It’s Wall Street’s version of an inquiry that might be fielded by a parent on a long car trip: Are we there yet?
In this case, the there refers to the bottom of a stock market that had seen year-to-date gains for the Dow Jones Industrial Average DJIA, +1.65%[1] and the S&P 500 index SPX, +1.86%[2] briefly erased this week and pushed the Nasdaq Composite Index COMP, +2.68%[3] into a correction, usually defined as a drop of at least 10% from a recent high, for the first time in about two years.
Presently, there isn’t a consensus for what lies ahead for U.S. equities, which had been punished in an October that had proved to be as painful as historical statistics foretold.

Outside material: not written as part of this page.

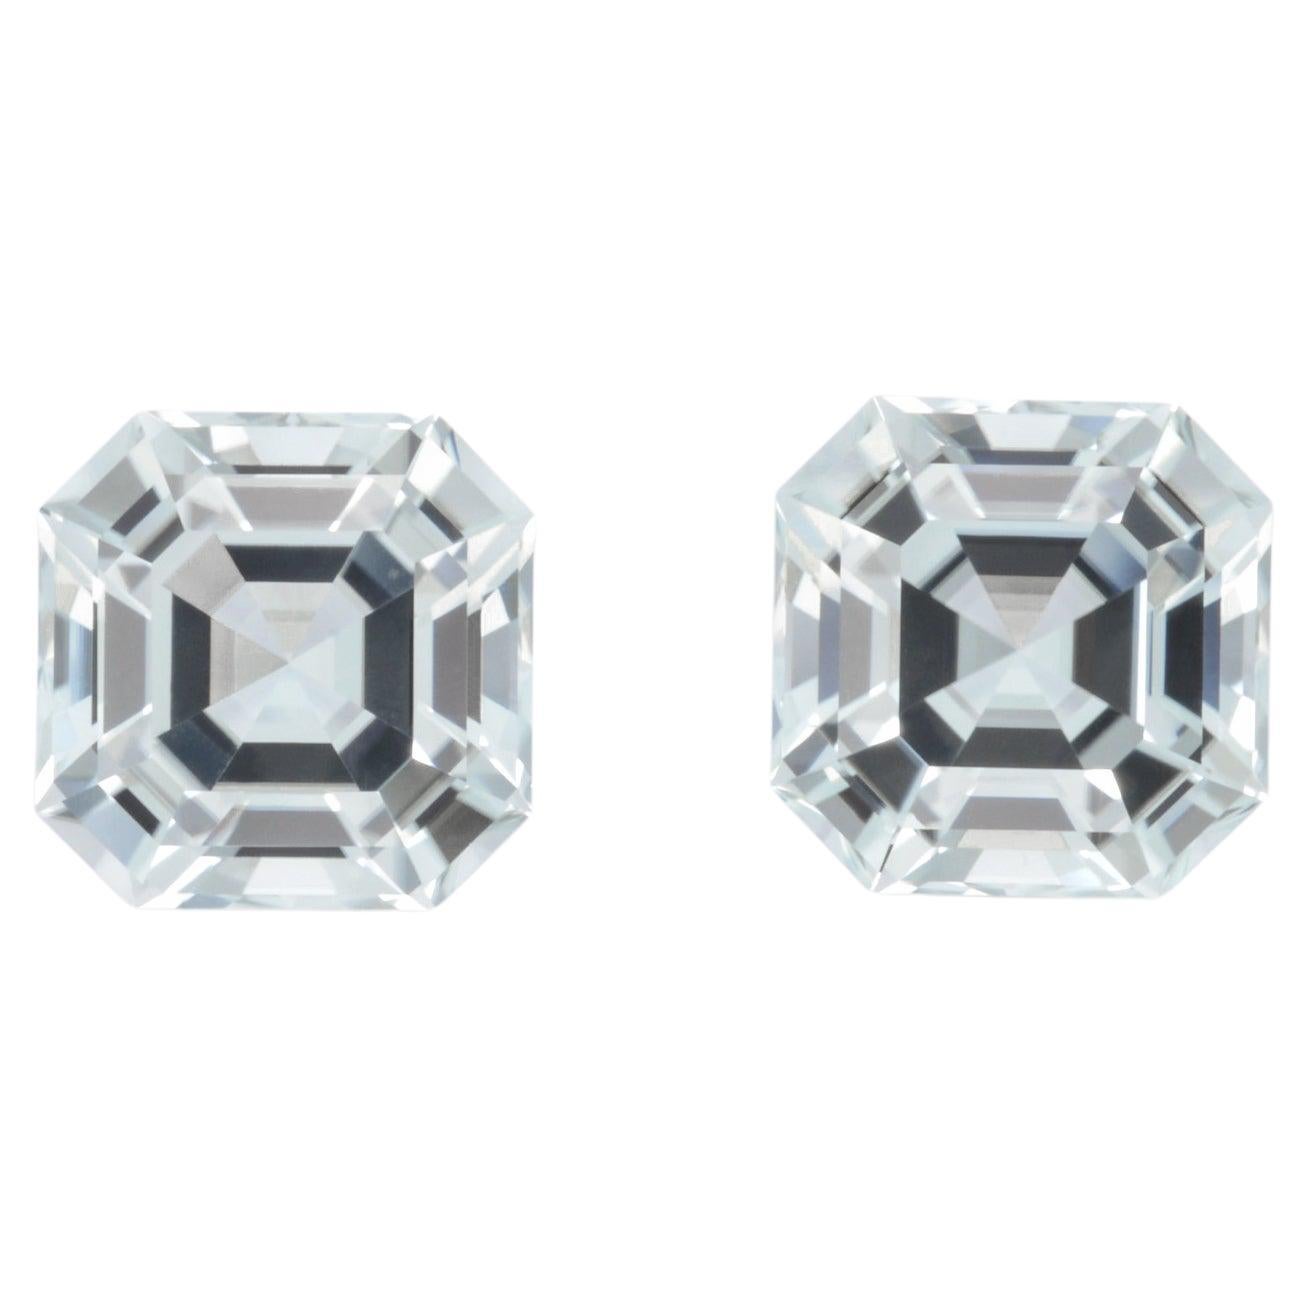 Tourmaline Earrings Gemstone Pair 11.26 Carat Unset Asscher Cut Loose Gems For Sale
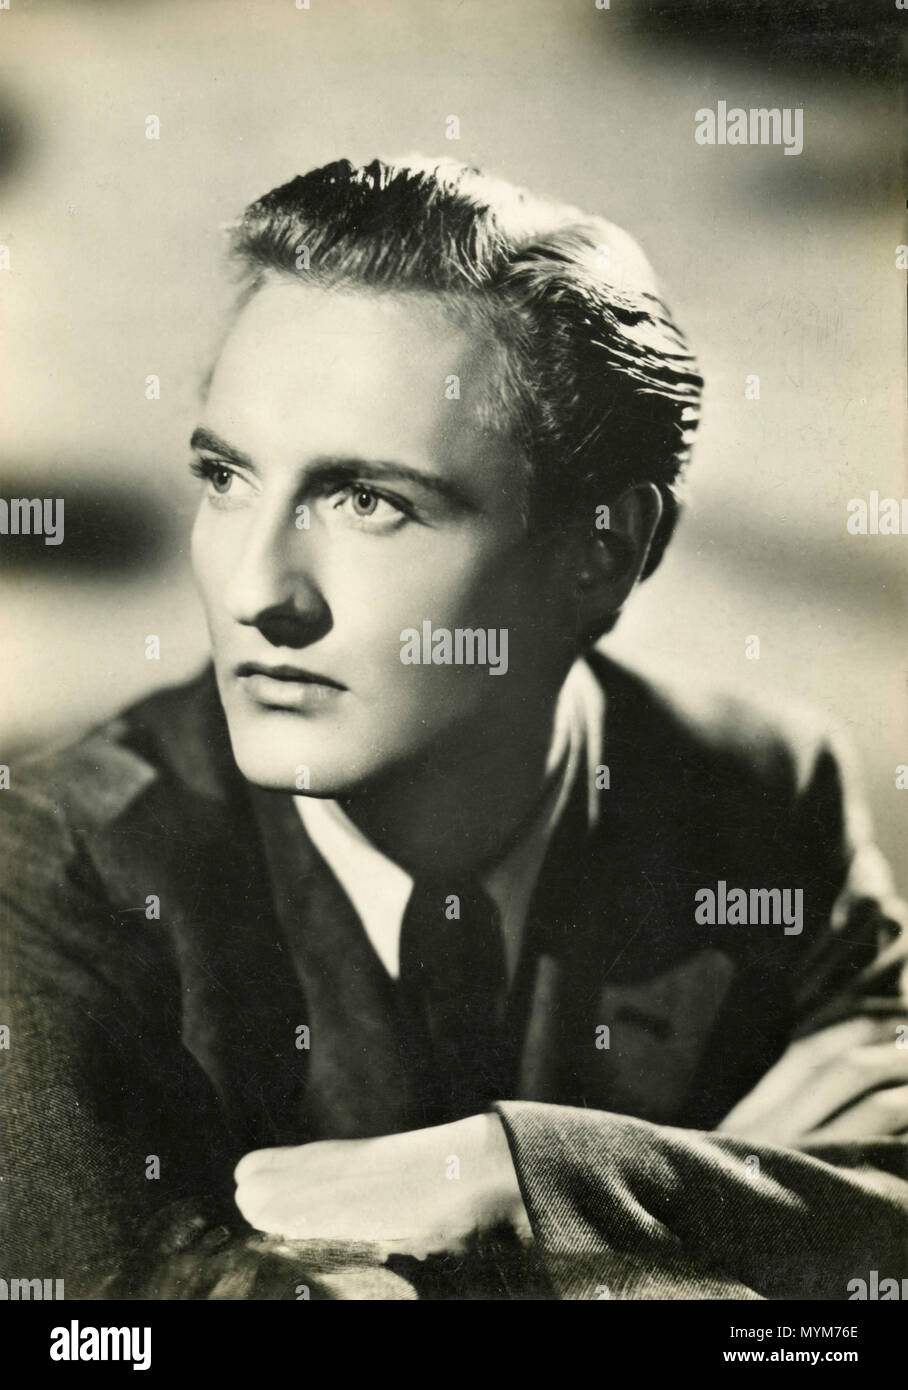 Portrait de l'acteur américain Anthony James dans le film Les Derniers Jours de Dolwyn, 1949 Banque D'Images

However, Wednesday’s action[4], a spillover from Tuesday’s rally[5], might imply that the market may be out of the woods. The Dow was trading up by nearly 400 points at its intraday peak, while the S&P 500 was in ascendancy, and the Nasdaq was powering higher as well (and out of correction, if you are an avid CNBC watcher, even if that isn’t possible[6]).
Upbeat quarterly results from Facebook Inc. FB, +4.56%[7] , which put aside fear of further woes in so-called FANG names, which have been key to the overall markets stretch of repeated all-time highs, and strong private-sector labor-market data[8] have helped to support a buying mood — for now.
So, here’s a brief rundown of the bull and bear case for the next phase of the market.
The bull case
Tom Lee, managing partner at Fundstrat Global Advisors, in a Wednesday research note said one reason for the two-day rally that is under way is conditions in the market that had placed many of the stocks on U.S. exchanges in oversold positions. “This makes sense — we are massively oversold. A 10% decline in 20 days is a 2 standard deviation event,” he wrote.
Lee pointed to a number of so-called oversold conditions that have prevailed amid this October selloff, including breaches below the closely followed moving averages at 50 days and 200 days. However, he has recommended that investors...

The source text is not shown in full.